** What you are asked to do **
Find the line in the entries below that contains "レトロ/アーバン/R&B_No463_3の再生済みの波形". Repeat it exactly, and every line after it through the line that contains "PIELUNGO, Italia, Aprile".

** Exercise materials **
· · · ·
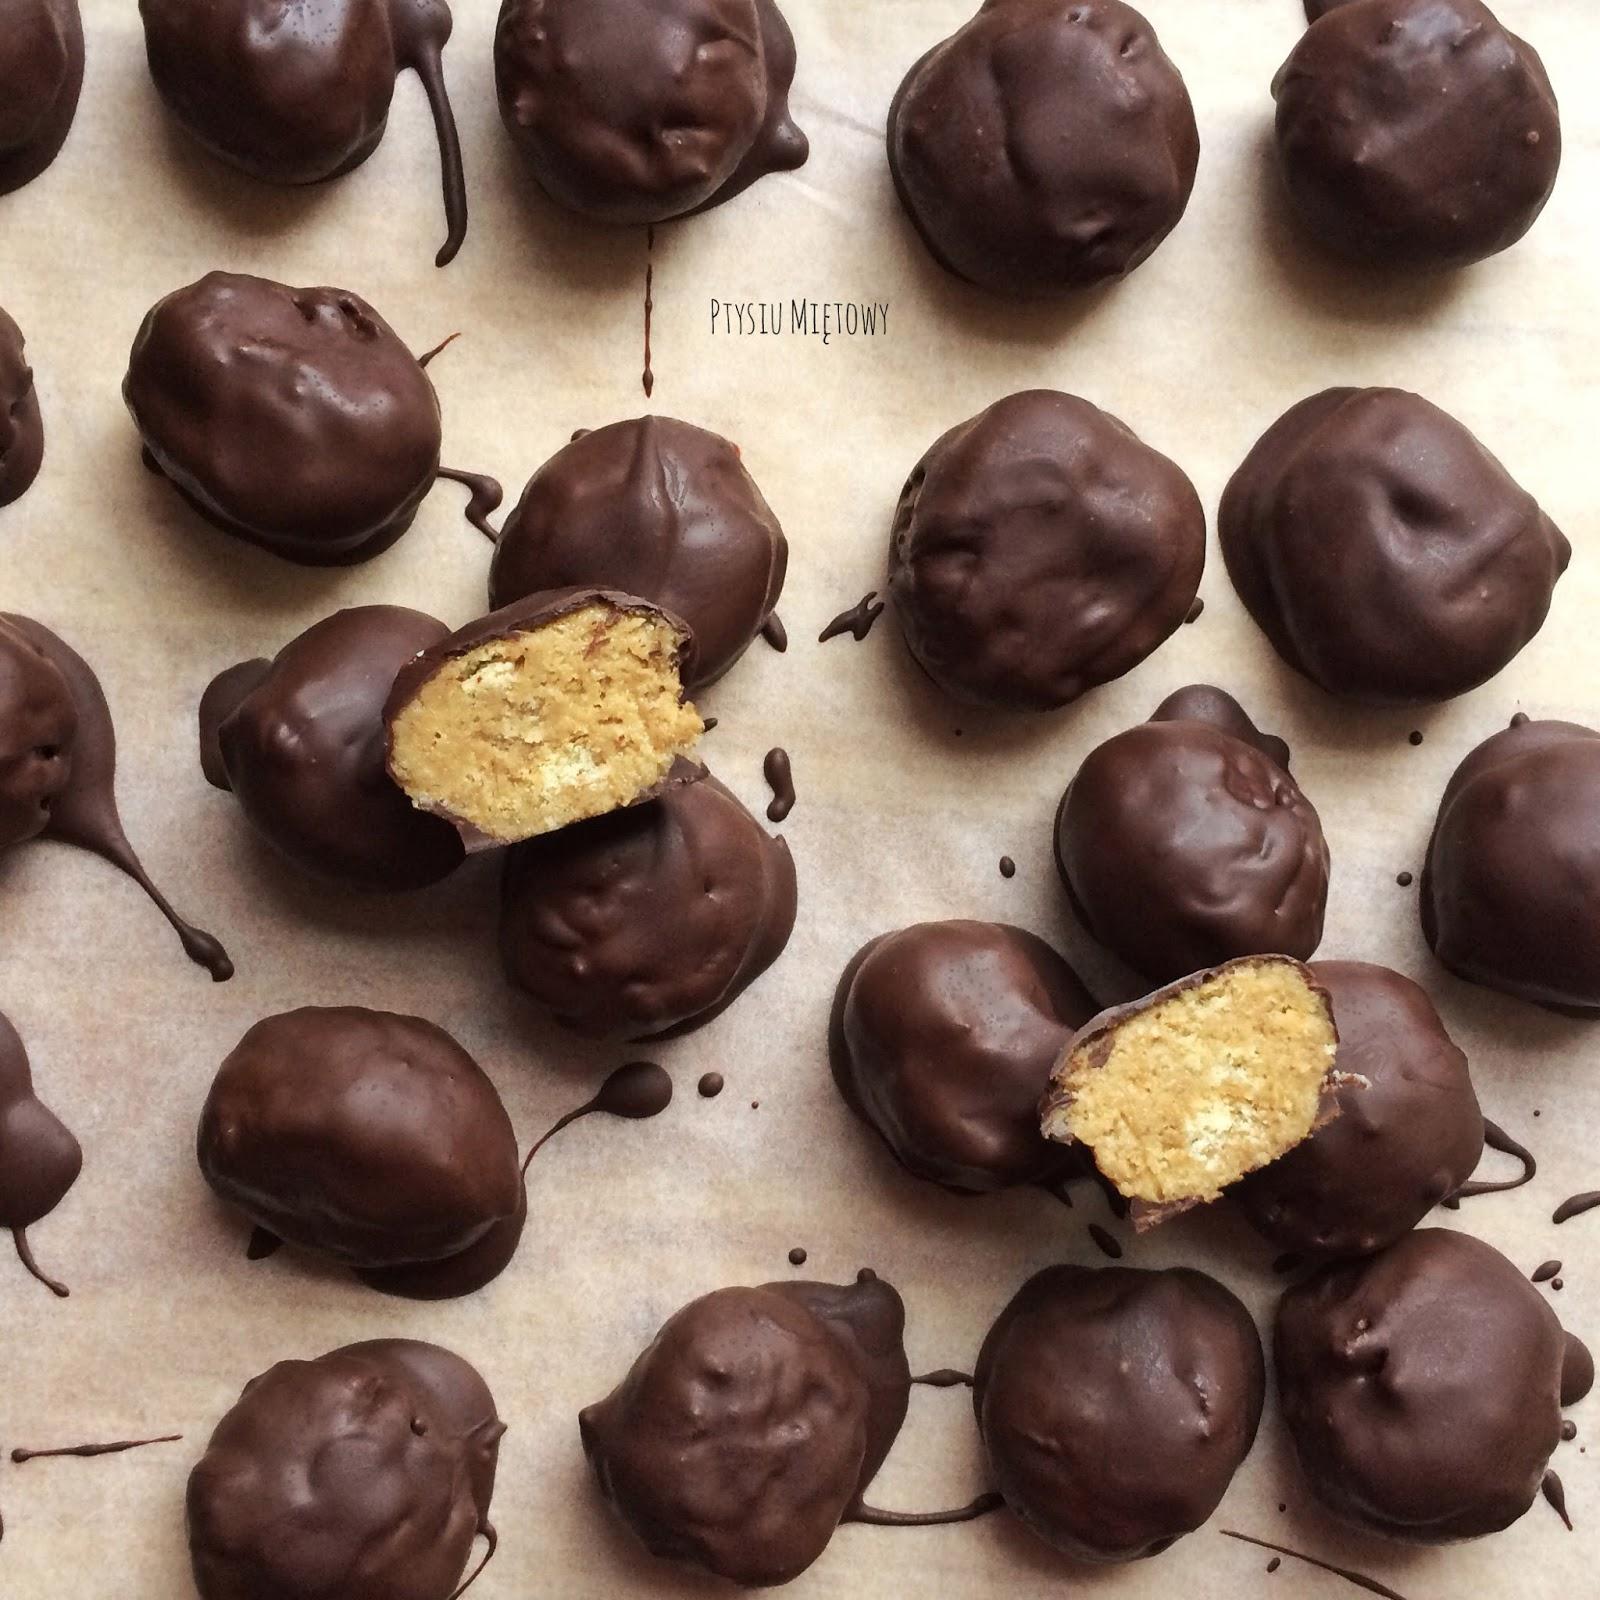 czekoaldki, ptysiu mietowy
· · · ·
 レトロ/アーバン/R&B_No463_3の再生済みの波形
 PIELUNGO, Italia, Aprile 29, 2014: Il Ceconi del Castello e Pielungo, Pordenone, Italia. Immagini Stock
· · · ·
** Response to this task **
 レトロ/アーバン/R&B_No463_3の再生済みの波形
 PIELUNGO, Italia, Aprile 29, 2014: Il Ceconi del Castello e Pielungo, Pordenone, Italia. Immagini Stock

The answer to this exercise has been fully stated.